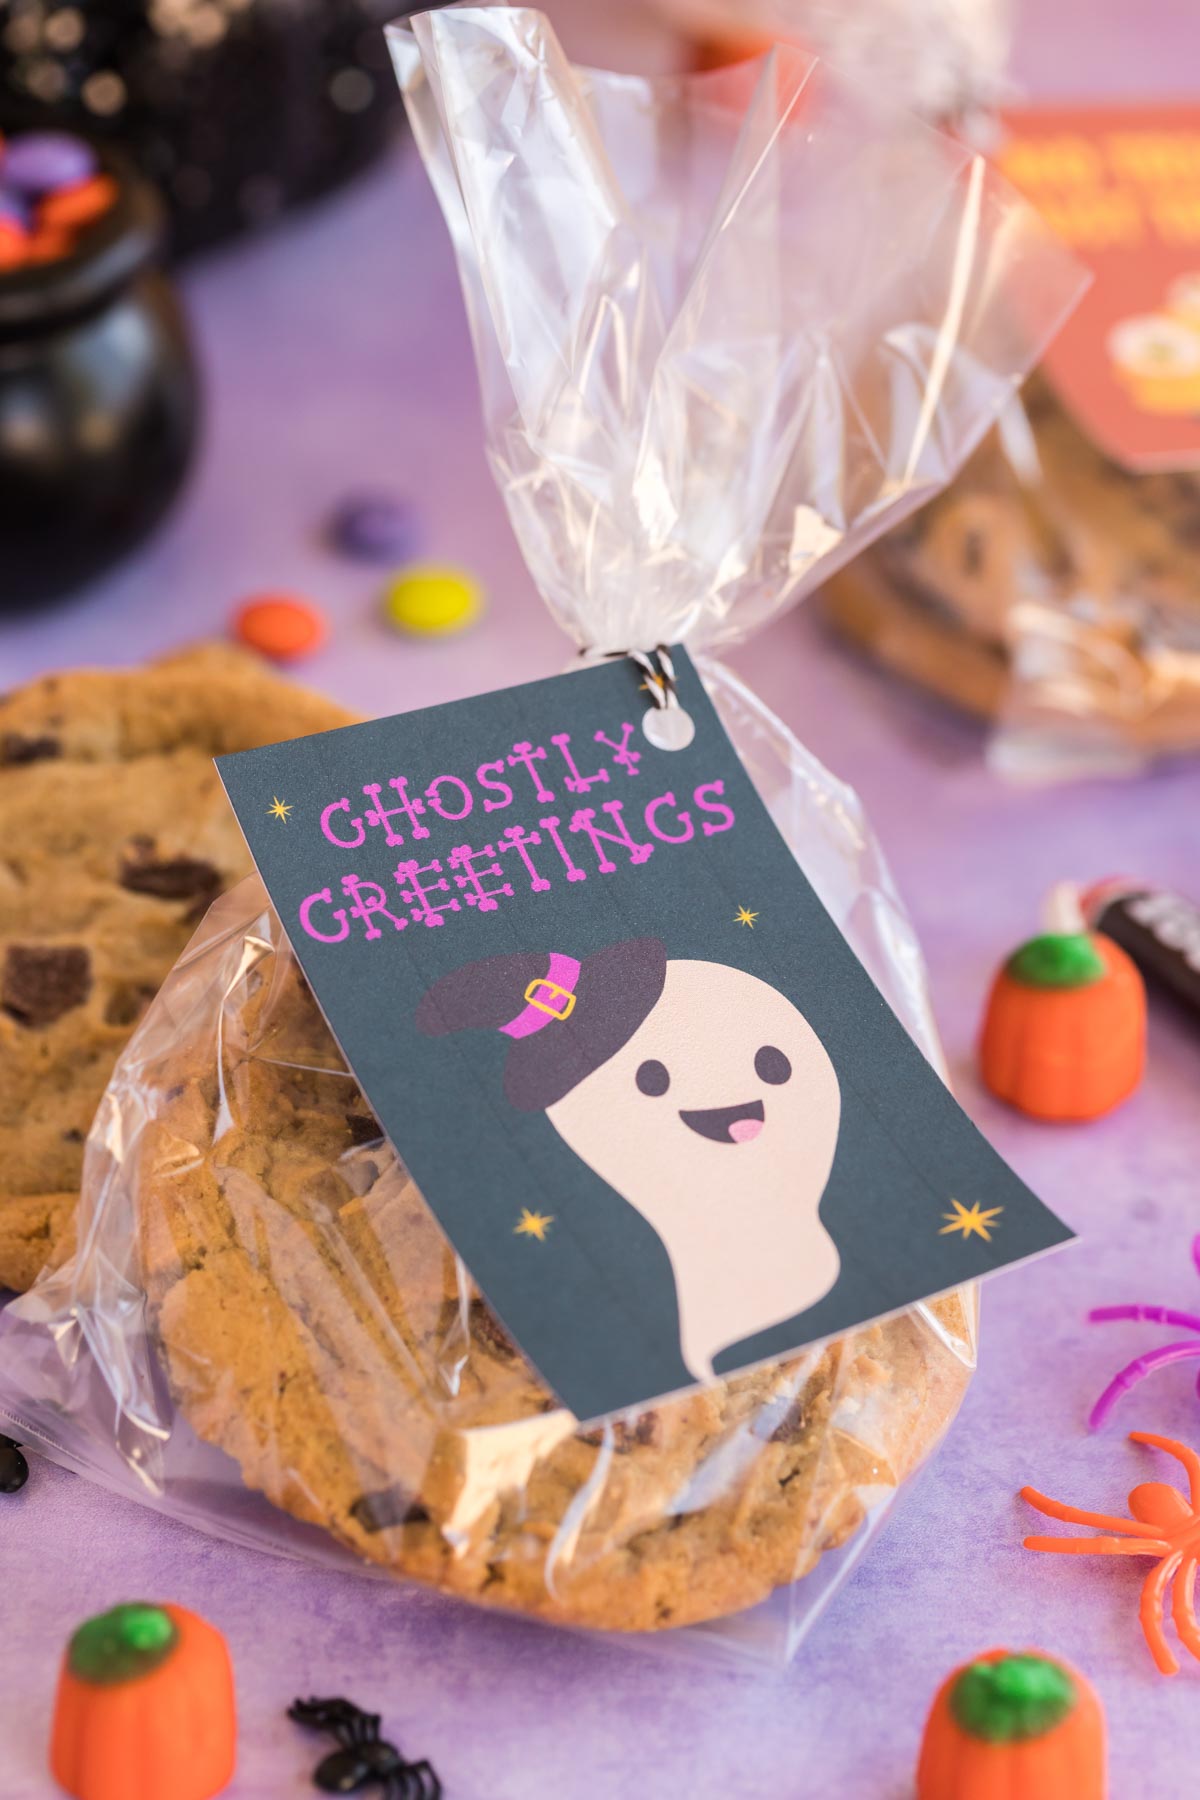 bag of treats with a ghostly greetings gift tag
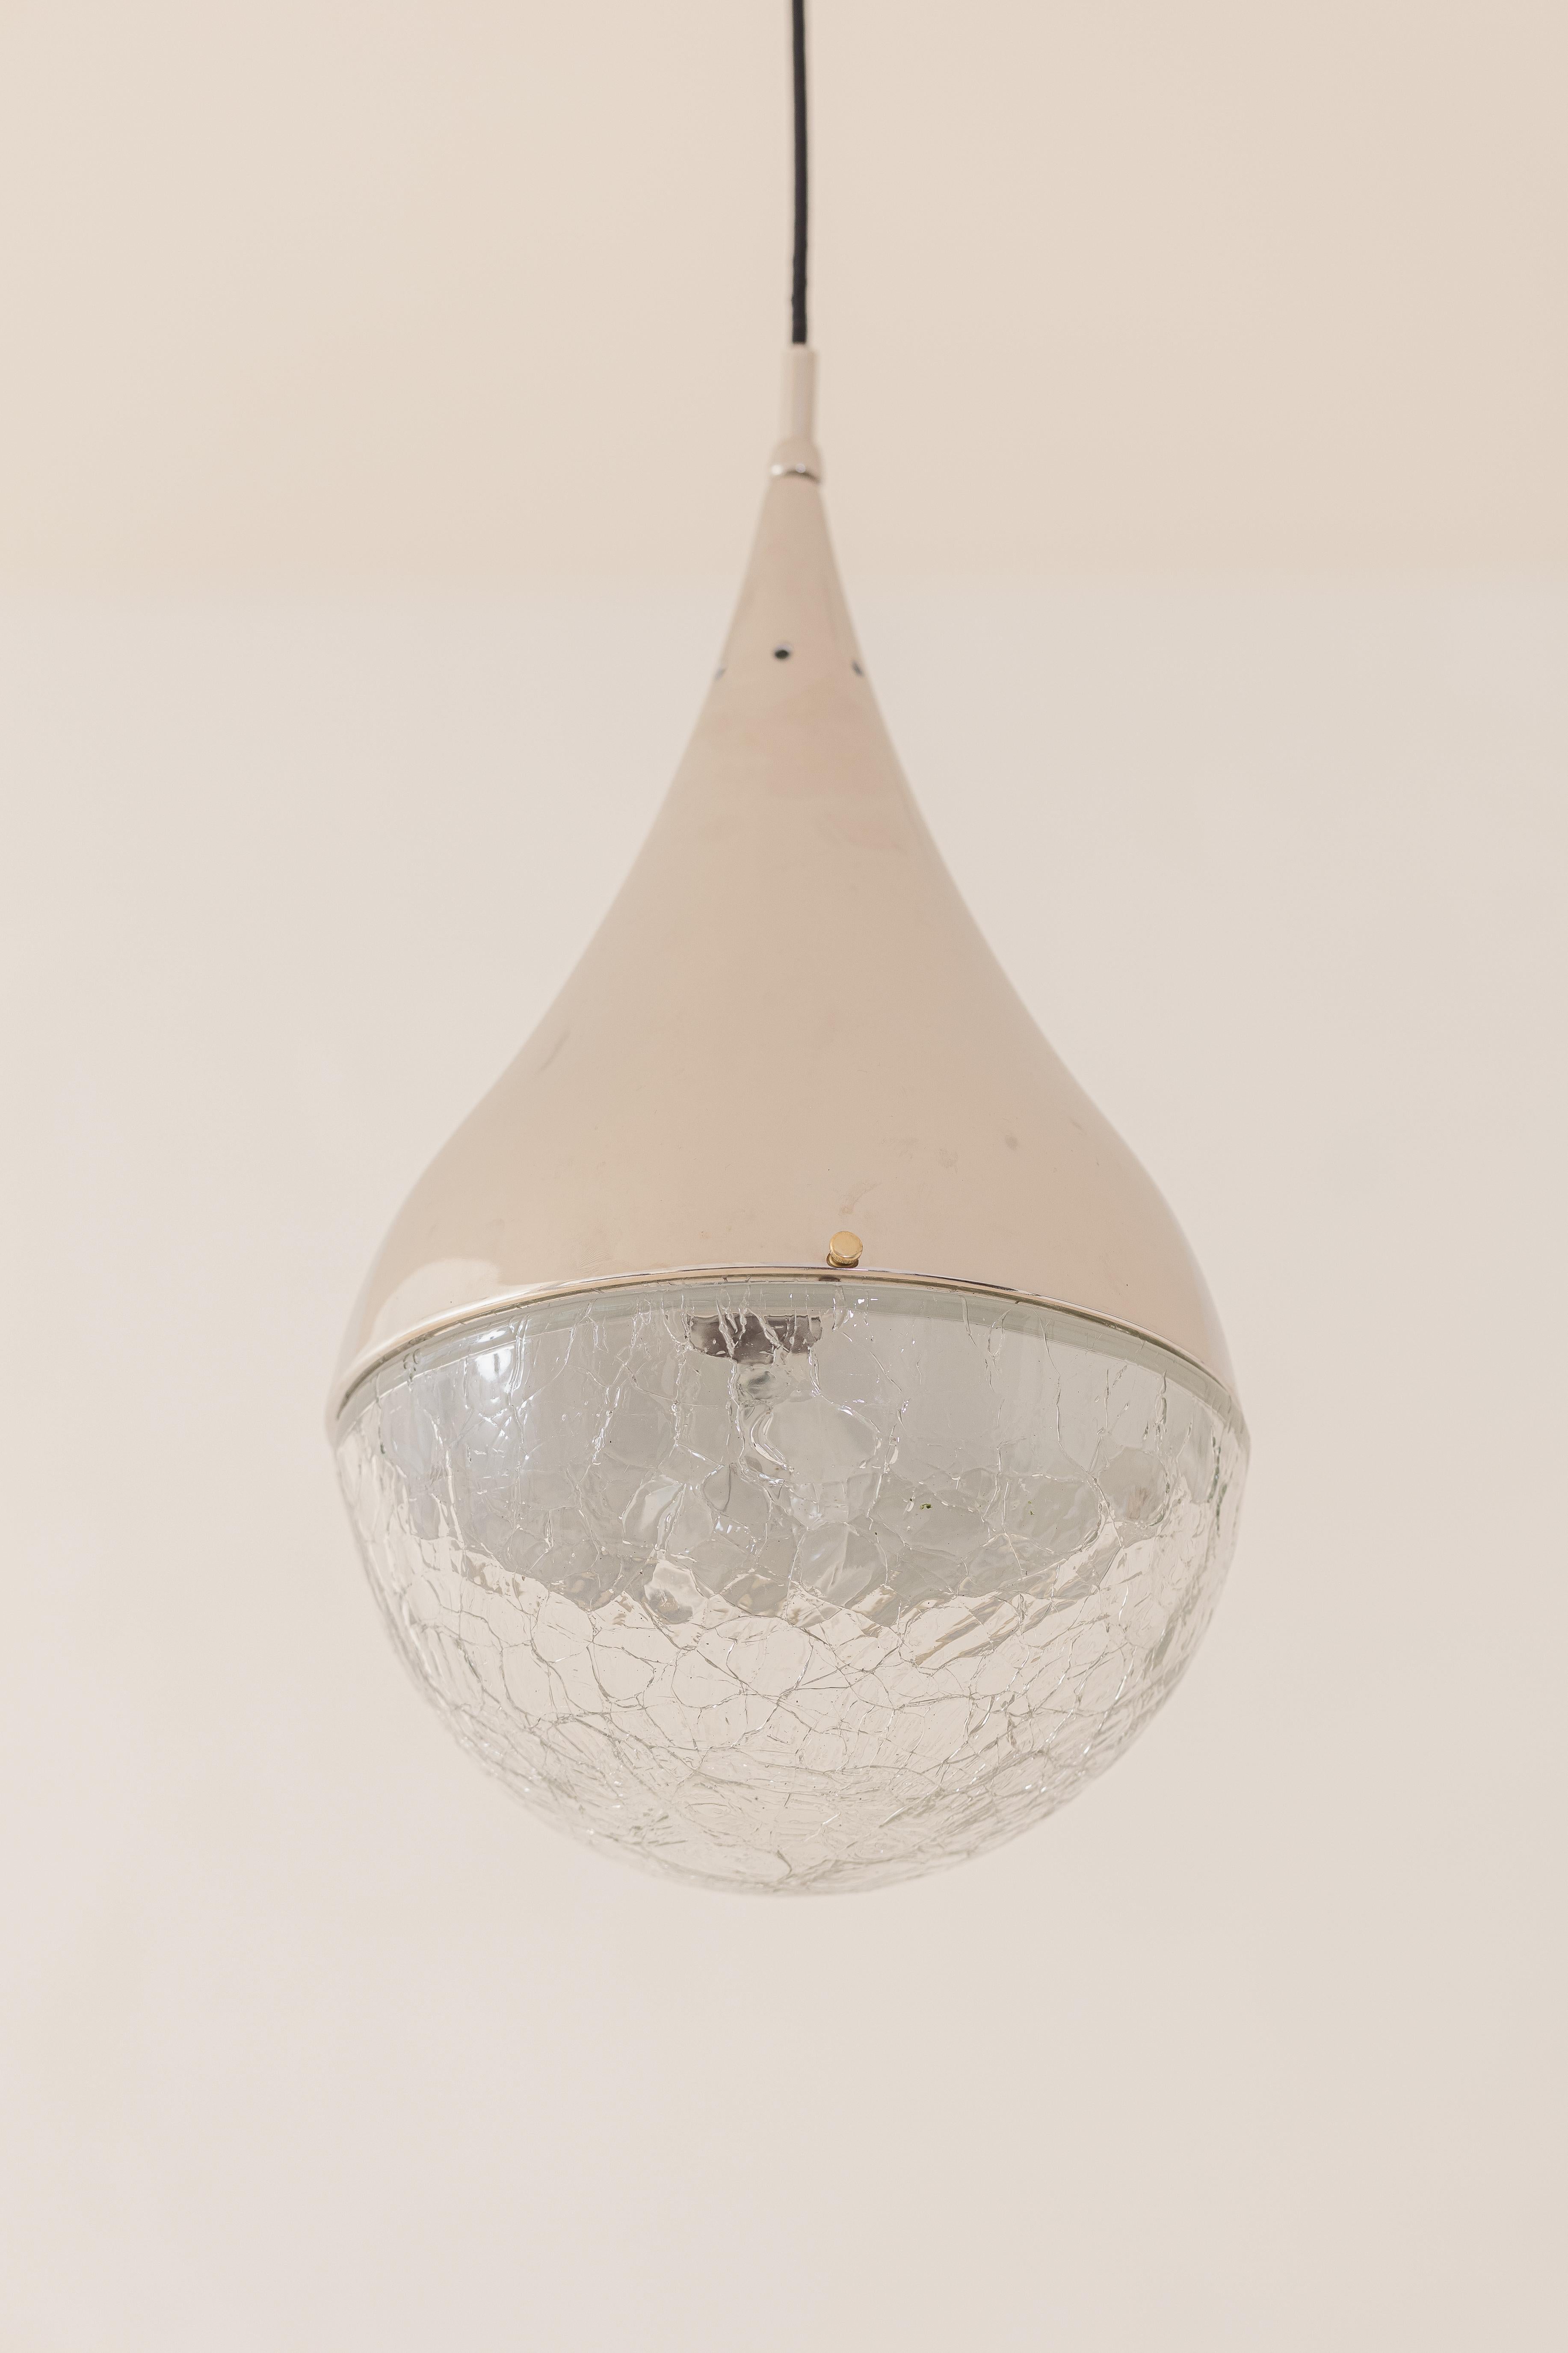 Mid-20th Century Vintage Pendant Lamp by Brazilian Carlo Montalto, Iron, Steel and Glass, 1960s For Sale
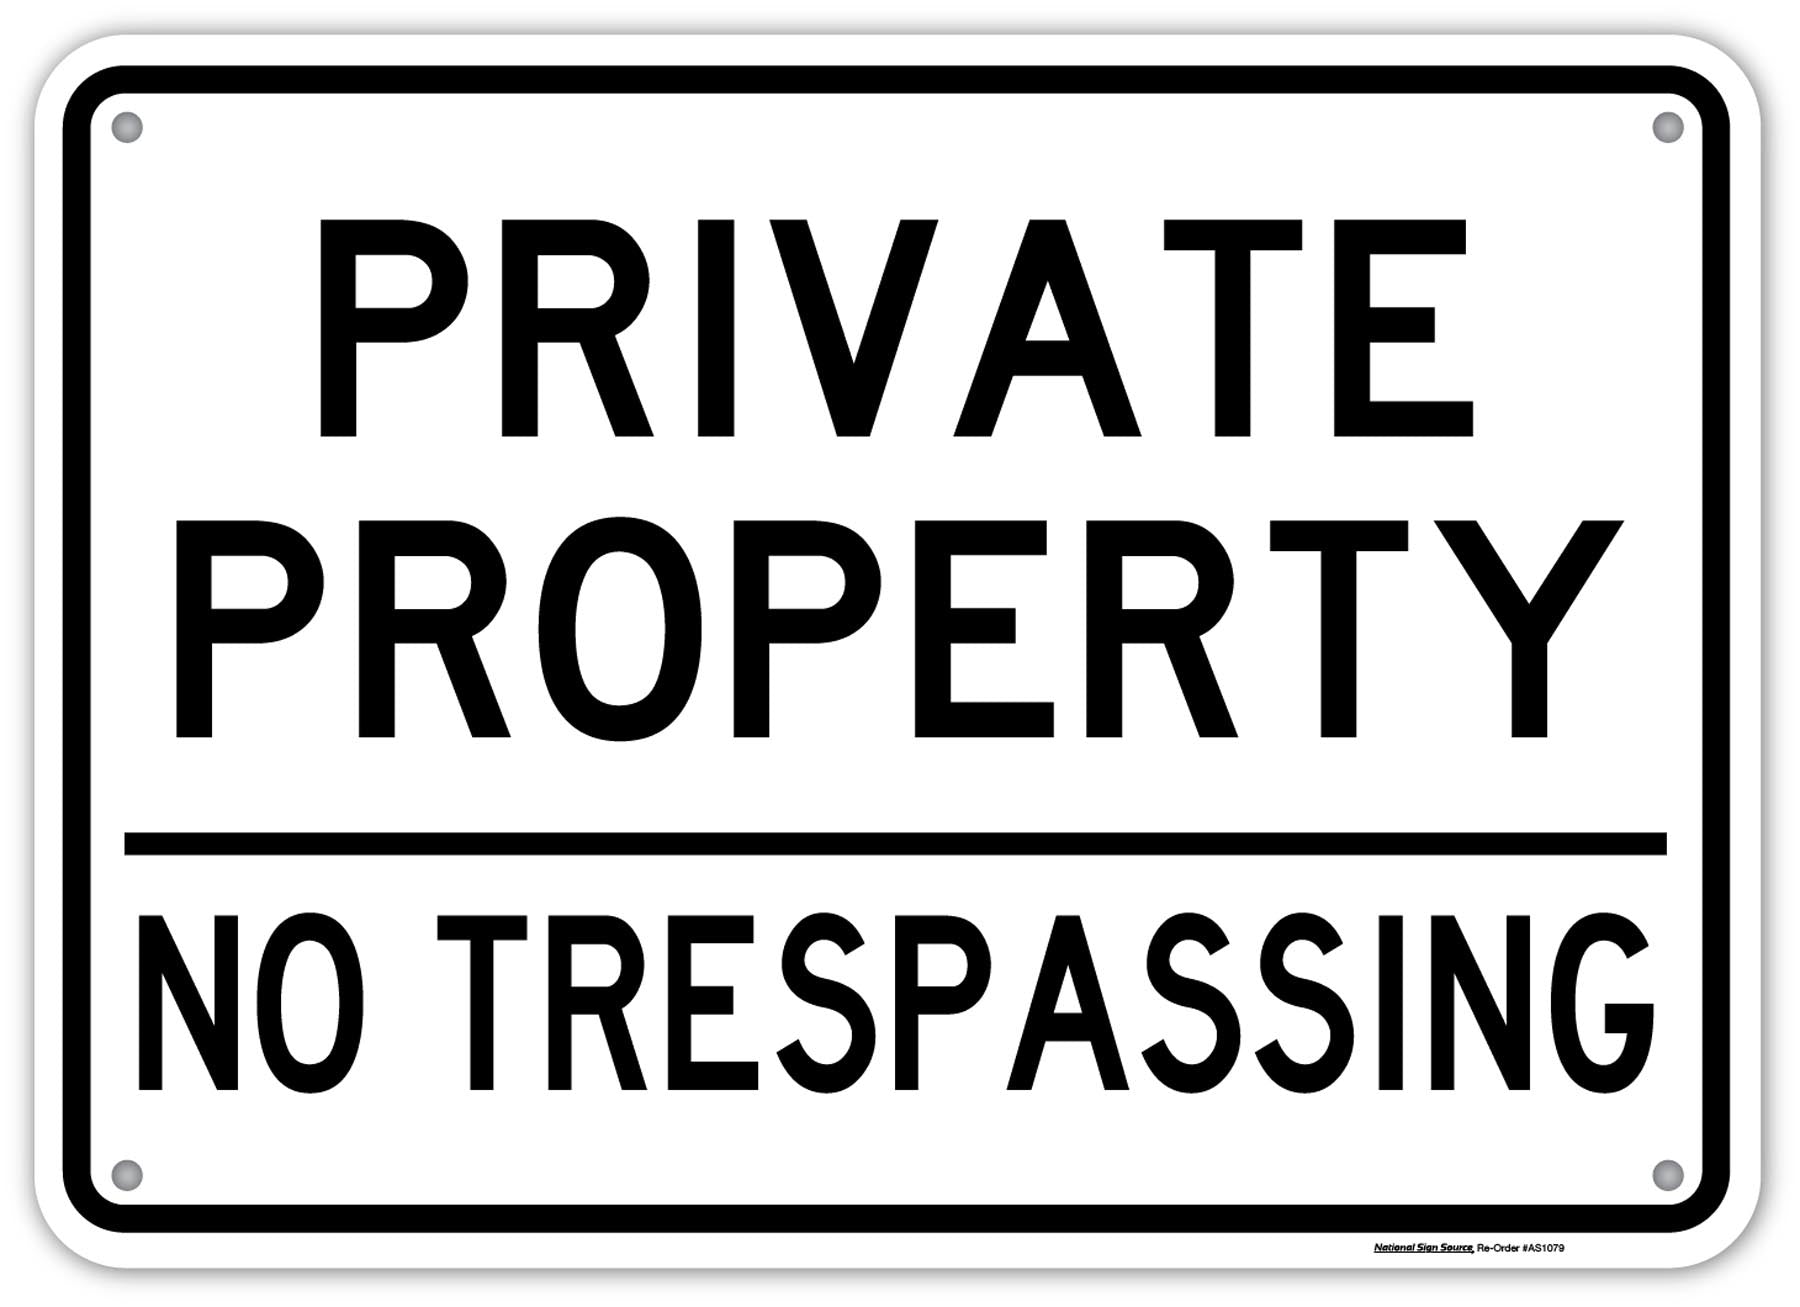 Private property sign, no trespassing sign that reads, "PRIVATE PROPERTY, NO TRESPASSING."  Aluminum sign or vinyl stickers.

**Aim of the task**
An exact copy of the listing above is to be set down, with no pictures in it.

**Reply**
 bag of treats with a ghostly greetings gift tag
 Mid-20th Century Vintage Pendant Lamp by Brazilian Carlo Montalto, Iron, Steel and Glass, 1960s For Sale
 Private property sign, no trespassing sign that reads, "PRIVATE PROPERTY, NO TRESPASSING."  Aluminum sign or vinyl stickers.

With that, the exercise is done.